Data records
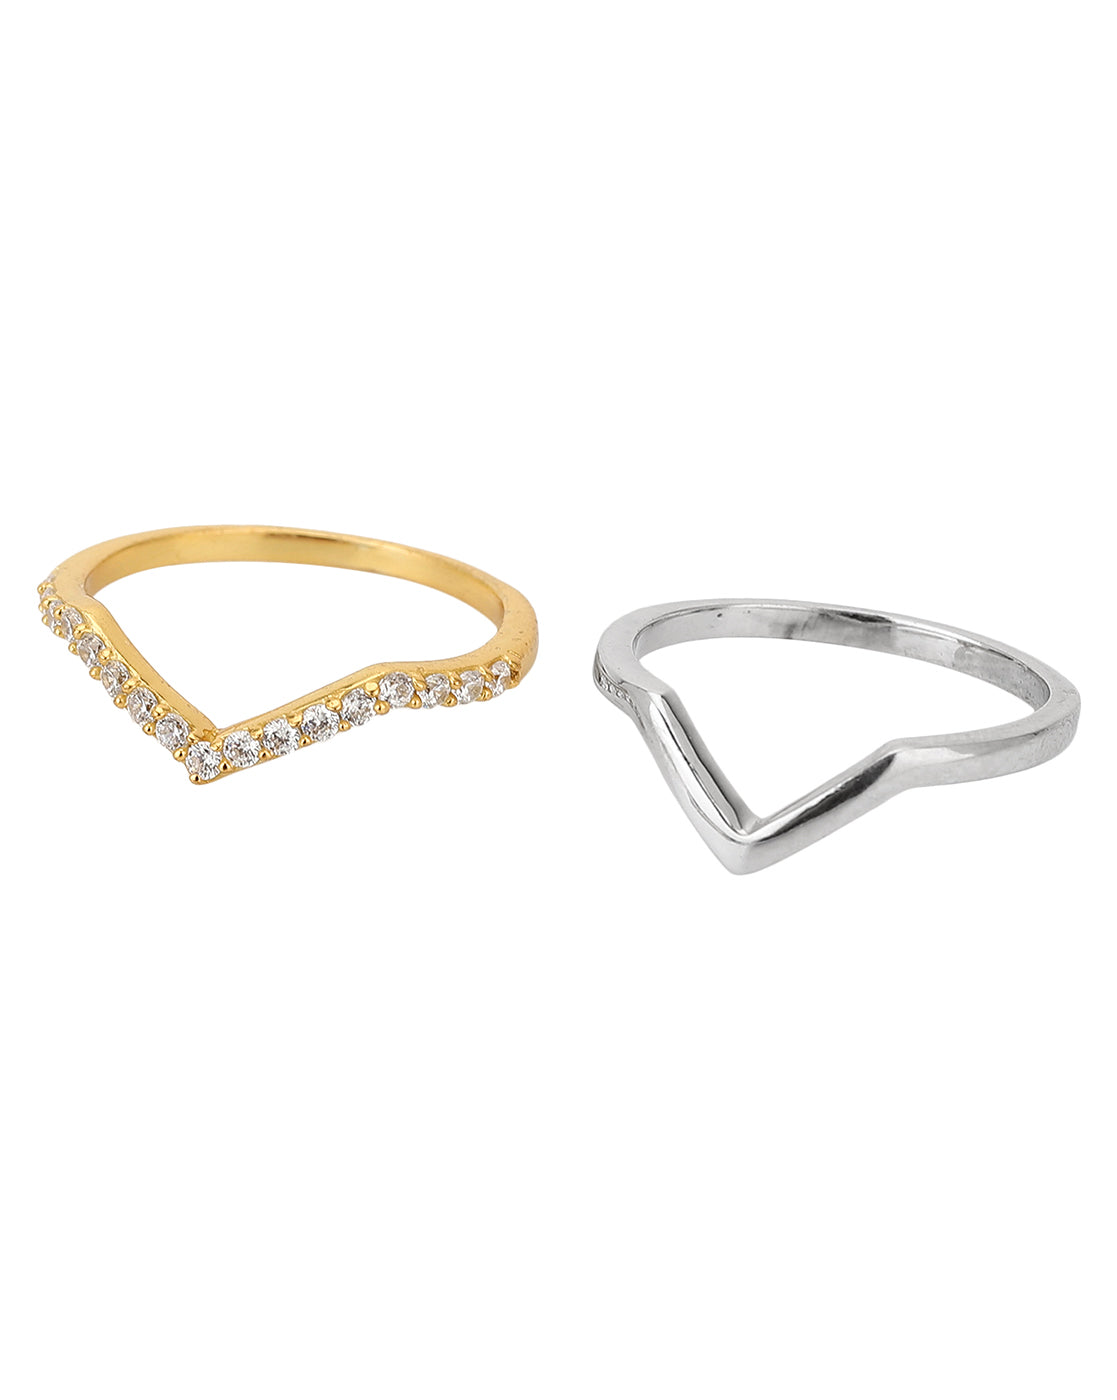 Buy Gold Plated Adjustable Toe Ring/Minji Online|Kollam Supreme | Toe rings,  Gold, Plating
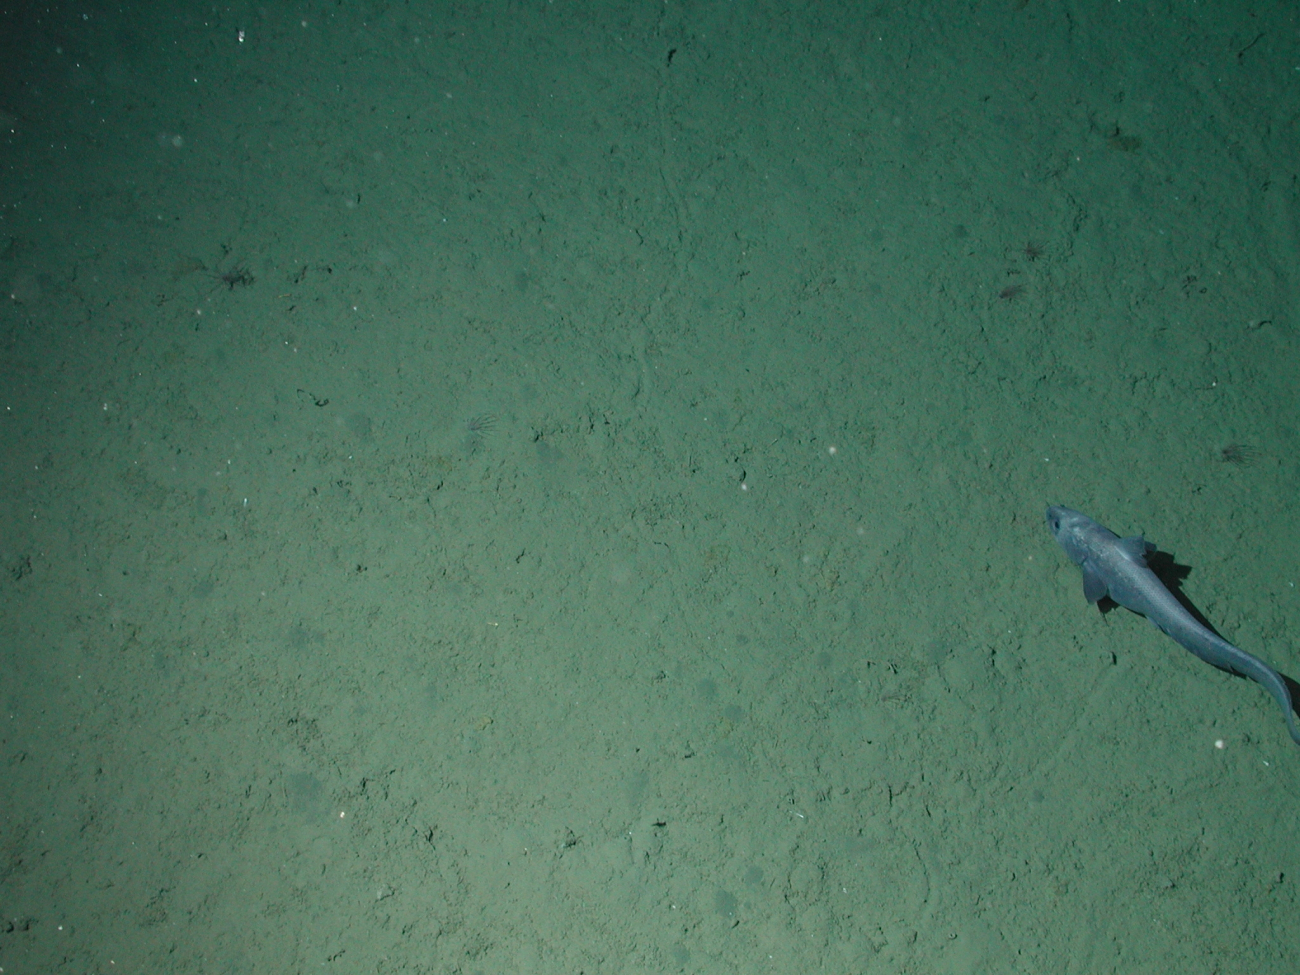 Rat-tailed fish and tracks on seafloor
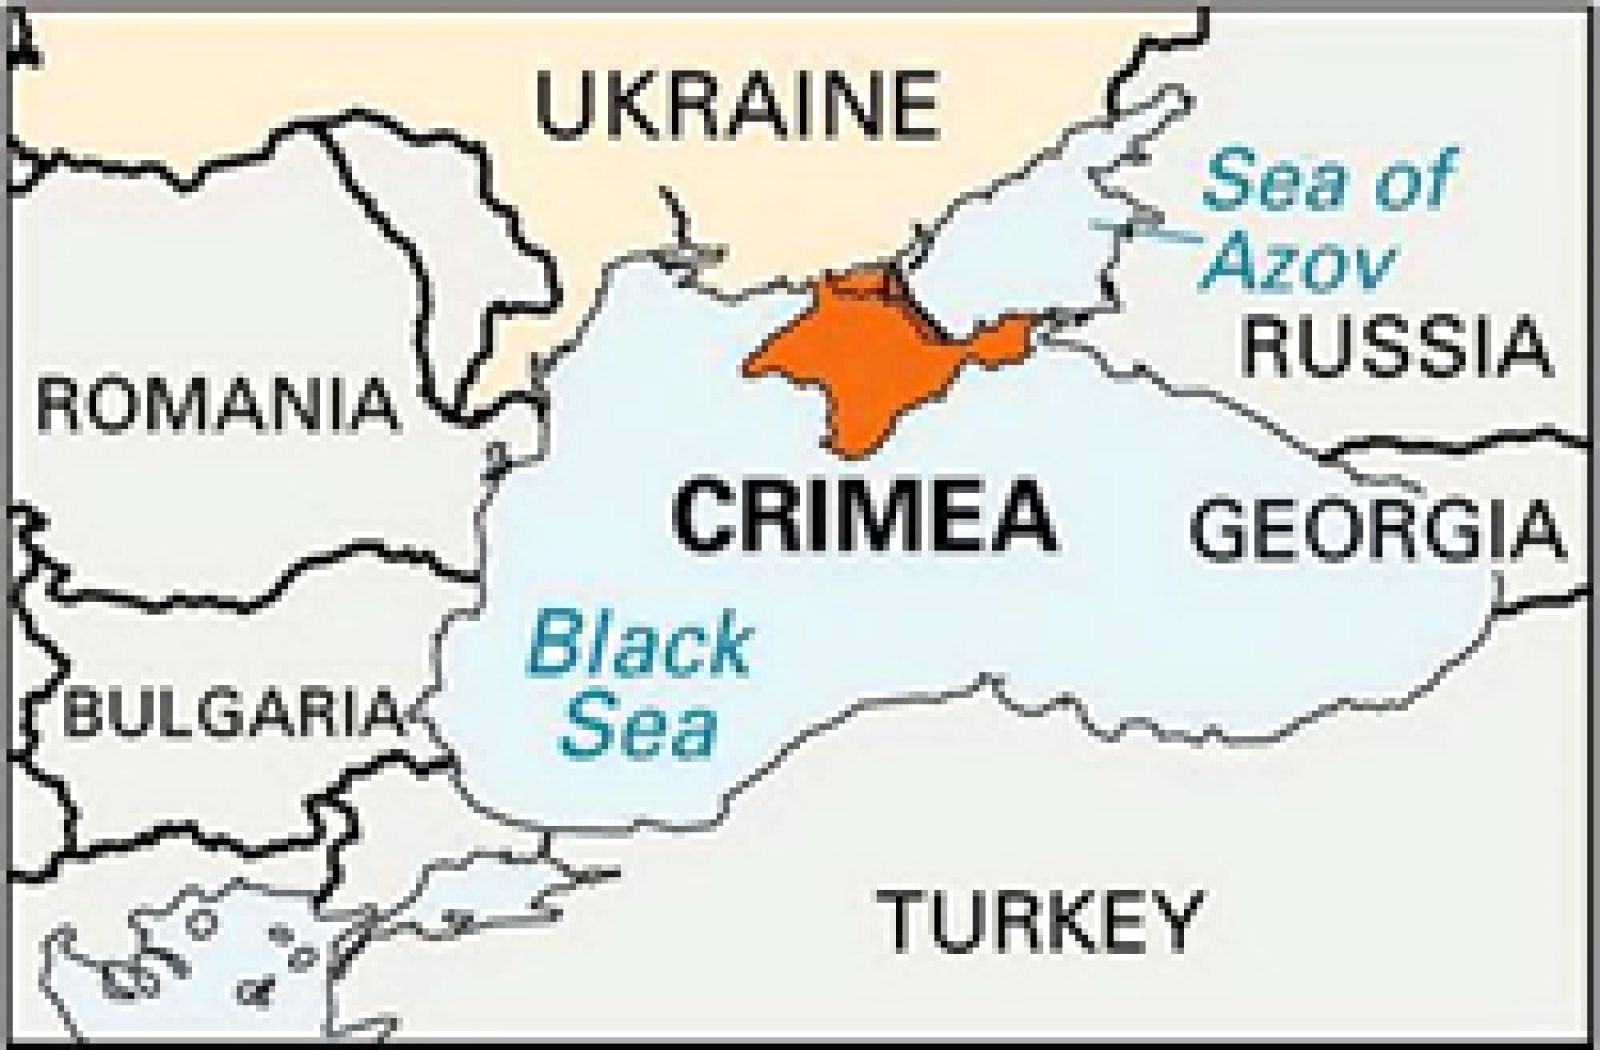 NDI Denounces the Occupation of Crimea
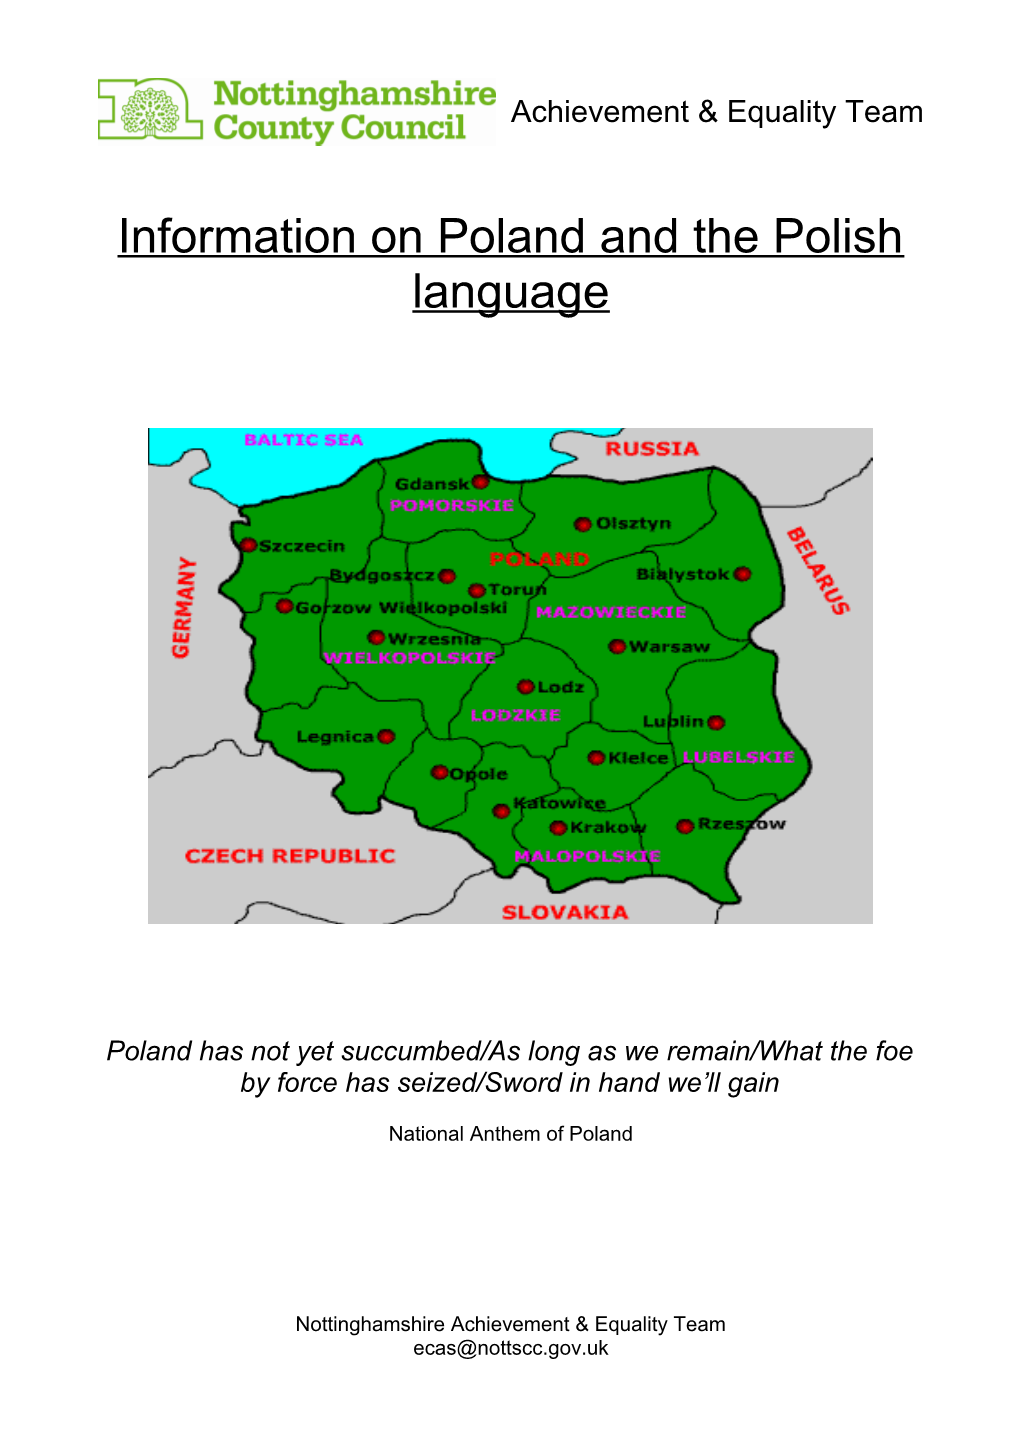 Information on Poland and the Polish Language
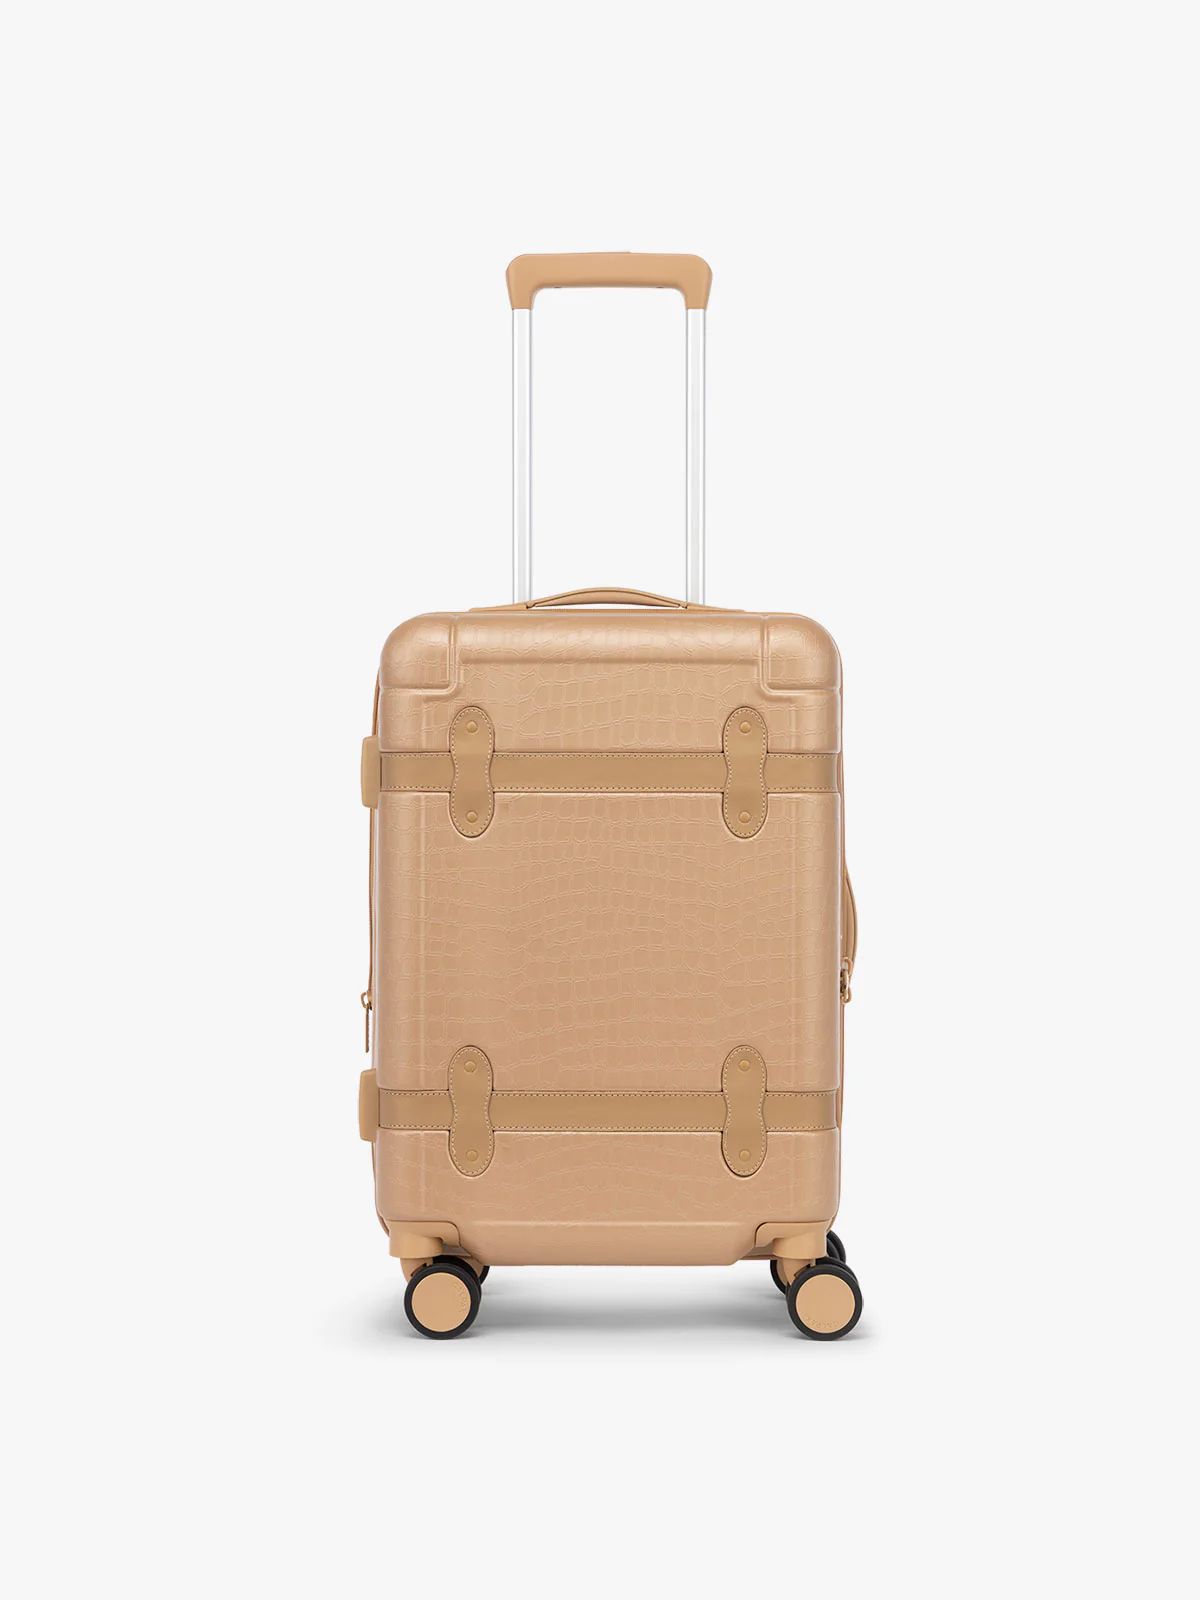 Trnk Carry On Luggage | CALPAK | CALPAK Travel

Task directions
Your task is to retype all the entries exactly and leave out any pictures.

Solution
 Buy Gold Plated Adjustable Toe Ring/Minji Online|Kollam Supreme | Toe rings,  Gold, Plating
 Rat-tailed fish and tracks on seafloor
 NDI Denounces the Occupation of Crimea
 Information on Poland and the Polish Language
 Trnk Carry On Luggage | CALPAK | CALPAK Travel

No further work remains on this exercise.